Postoperatively, scheduled rectal washouts have been shown to reduce the incidence of postoperative HAEC. In a review by Marty et al. in 1995a, 36% of patients in the nonirrigation cohort developed postoperative enterocolitis compared with 8% of patients in the rectal irrigation cohort (Marty et al. 1995b). Traditionally, routine anal dilations where thought to prevent stricture formation with most pediatric surgeons recommending daily dilations by parents. However, recent data has challenged this assertion. In a retrospective review by Temple et al. in 2012, children undergoing repair of HD or anorectal malformation had either routine dilatation by parents or weekly calibration of the anastomosis by the surgeon, with daily dilation reserved for children with concern for anastomotic narrowing. There was no significant difference in the development of enterocolitis in children with HD (Temple et al. 2012). Despite these latter findings, it has been our practice to start such anal dilations at 3 weeks post-pull-through and typically send the infant hom e with a prophylactic course of metronidazole for the first 2 months after surgery.

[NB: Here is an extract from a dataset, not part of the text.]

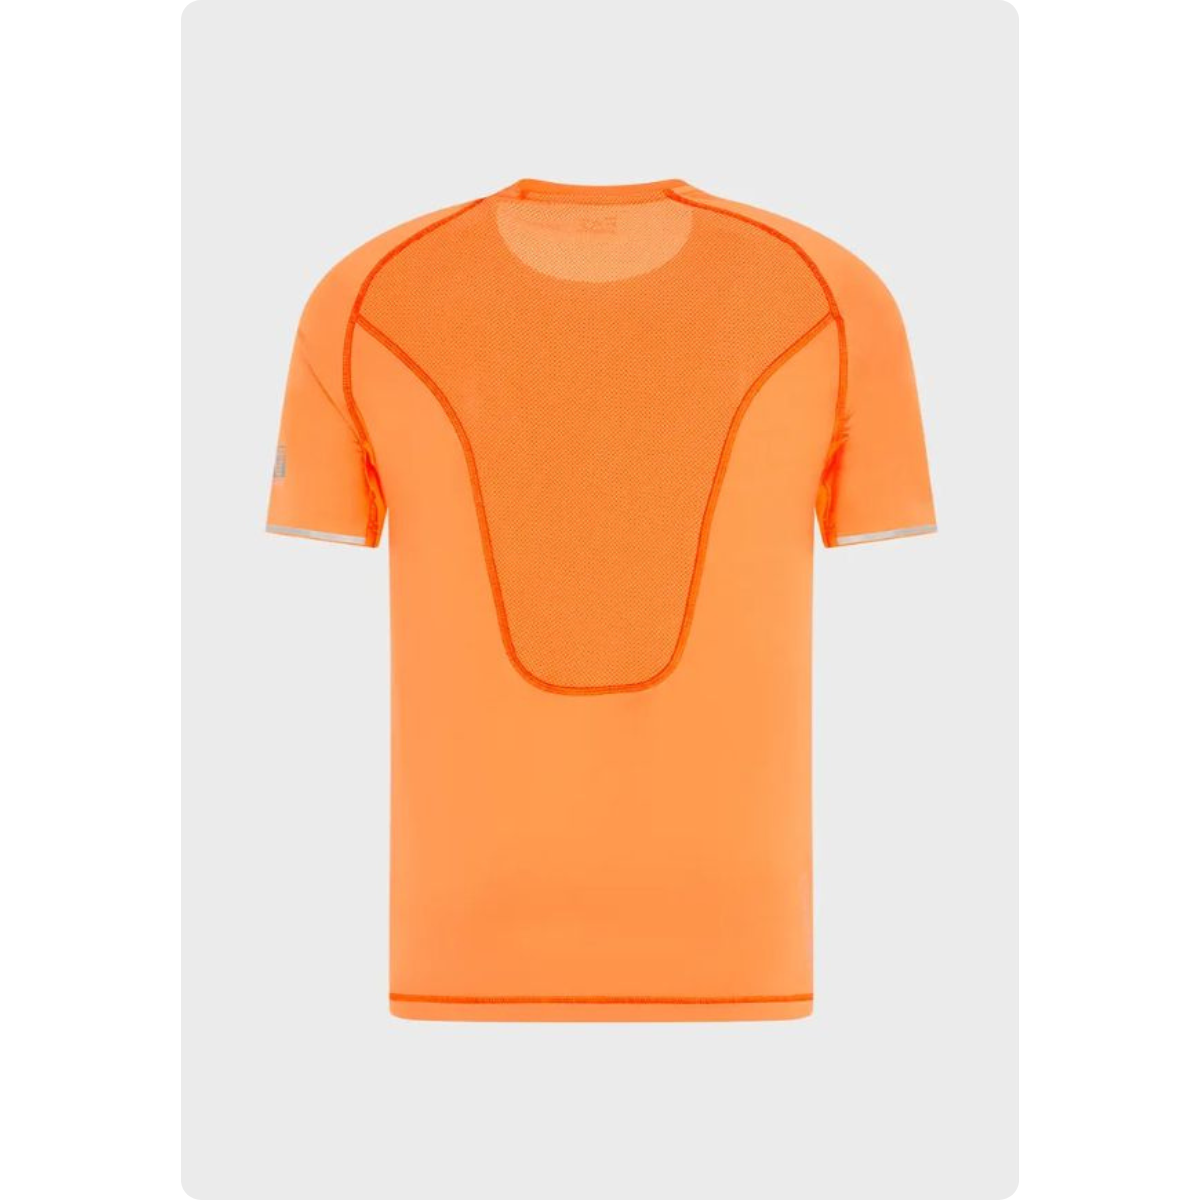 EA7 Giorgio Armani - Man Jersey T-Shirt - Oxford Tan

Topical isosorbide dinitrate or nitroglycerin applied to the anal canal has been shown to relax the smooth muscle of the anal sphincter. Some authors have shown that anal application of topical isosorbide dinitrate paste leads to improvement in recurrent HAEC and “internal sphincter achalasia”; although small patient numbers limit the interpretation of the outcomes of these studies, this approach should be studied further in the future (Messina et al. 2007).

Because of the potential for an altered microbiome/epithelial cell interaction in children with HAEC, many have thought that probiotics may confer a prophylactic benefit to such patients. El-Sawaf et al. recently reported on a multicenter, prospective, randomized, controlled trial of probiotics versus placebo in infants undergoing a pull-through for HD to determine if the use of probiotics could decrease the incidence and frequency of HAEC (El-Sawaf et al. 2013). Unfortunately, the use of a high dose of orally delivered probiotics failed to offer any prophylactic benefit to this group of patients. Multivariate analysis, adjusting for length of aganglionosis and age of child, also failed to demonstrate any benefit of probiotics to a subgroup of HD children. This certainly emphasizes the multifaceted aspect of the etiology and the complexity of this d isorder.

Conclusion and Future Directions

HAEC remains a substantial source of morbidity for children with HD. Its clinical characteristics have become increasingly well defined over the past several decades, aiding in the early recognition and treatment of children who are at risk of developing this complication. Through considerable research into its pathophysiology, a multifaceted picture has begun to emerge where several dysfunctions of intestinal homeostasis create a fragile environment where perturbation leads to HAEC. Intestinal decompression, antibiotics, and rectal washouts remain the cornerstones of treatment for acute HAEC, with surgical intervention such as POMM an effective option for patients with recurrent HAEC.

Future goals in the management of HAEC include identification of patients at high risk and the development of patient-specific measures to prevent its onset. Further understanding of the pathophysiology of HAEC may provide targets for treatment and prevention. For example, given the likely role of alterations of gut microbiology, the identification of a high-risk intestinal microbiome in a patient may allow for early modulation of this bacterial profile to prevent HAEC. In addition, further research into the role of immune dysfunction in HAEC may lead to the development of strategies to modulate the enteric immune system to create a lower-risk intestinal environment. Finally, as the outcomes of surgical intervention for HAEC continue to be assessed, the optimal timing of surgical intervention (i.e., POMM) is yet to be defined. Much knowledge has been gained over the past three decades in the diagnosis, treatment, and prevention of HAEC, with more progress on the horizon in the understanding of its pathophysiology and use of this understanding to develop better therapeutic and preventive strategies.